That's a really informative post.  Thank you.

Just out of curiosity I ran your benchmark on 3 of my pieces of hardware:

Raspberry Pi model B:  3.55 MiB/s

4-core i7 920: 300MiB/s

8-core atom c2758: 319MiB/s

I'm astonished that a raspberry pi is within two orders of magnitude of my i7.

I'm surprised that my c2758 (the supermicro board I got) is faster, but that's because I didn't think the hardware compression was enabled.  I need to try an encryption test between these boxes.

----------

## Zentoo

 *1clue wrote:*   

> @Zentoo,
> 
> That's a really informative post.  Thank you.
> 
> Just out of curiosity I ran your benchmark on 3 of my pieces of hardware:
> ...

 

I'm not so surprised about the Raspberry score, it should have a little memory bandwidth with bad write speed.

EDIT: Reference: http://www.admin-magazine.com/HPC/Articles/Finding-Memory-Bottlenecks-with-Stream

At contrary I'm pleasantly surprised about the 8-core atom performance.

To add to your list:

6-core i7 990x @4.2Ghz: 780 MiB/s

2-core i7 5600U @3Ghz: 245 MiB/s

----------

## 1clue

The atom is significantly slower than the i7 with tasks like compiling.  An atom is in no way an i7, but clearly the hardware compression features of the chip make up the difference for this test.

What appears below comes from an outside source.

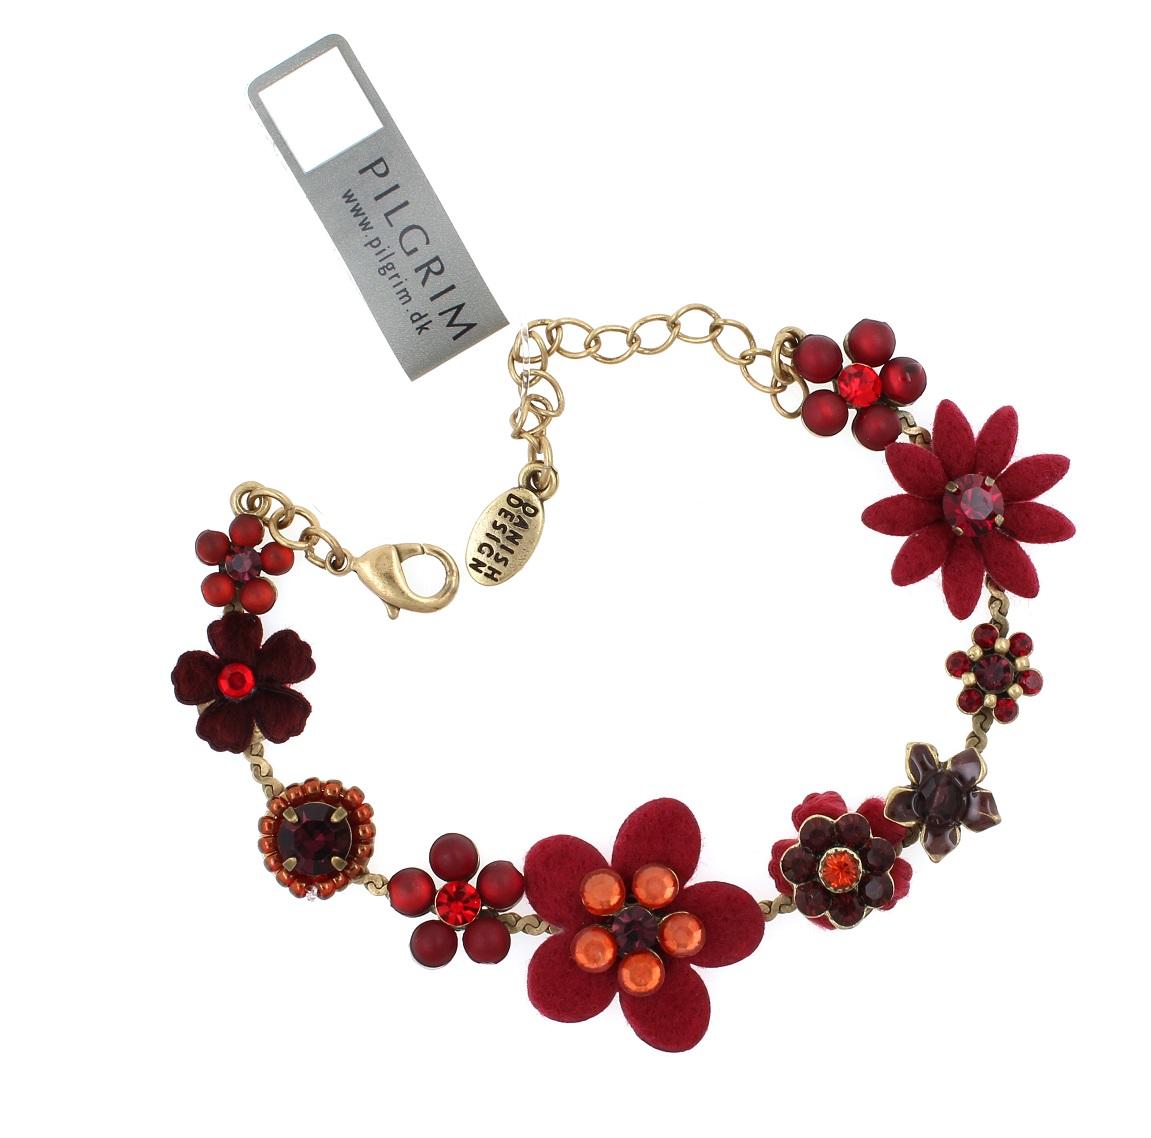 PILGRIM - Felt Flowers - Bracelet - Red/Gold BNWT

Reading up on aespipe later, will try to add an encryption element to this test.

----------

## 1clue

mid-2009 MacBook Pro running OS X 10.9.5: 57.1 MiB/s.

This is all the hardware I can afford to peg to 100% work load.

----------

## Roman_Gruber

 *TigerJr wrote:*   

> SAS Disks make more IOPS than SATA disk, in many ways IOPS is a bottleneck of I\O speed and affects even on operating systems IO schedulers and many functions those work with information on a hard drive.  So if you want to use sata disk - use it.
> 
> SATA != SAS, noob.

 

low two turtles compared to ssd, and that compared to ssd with 4 pcie express lanes.

regardless, i agree with the topic posters above, for bigger space plain sata hdd on sas controller.

----------

## TigerJr

 *tw04l124 wrote:*   

>  *TigerJr wrote:*   SAS Disks make more IOPS than SATA disk, in many ways IOPS is a bottleneck of I\O speed and affects even on operating systems IO schedulers and many functions those work with information on a hard drive.  So if you want to use sata disk - use it.
> 
> SATA != SAS, noob. 
> 
> low two turtles compared to ssd, and that compared to ssd with 4 pcie express lanes.
> ...

 

You can compare SATA bus with PCI-E bus, but not SSD disks with SATA\SAS bus

----------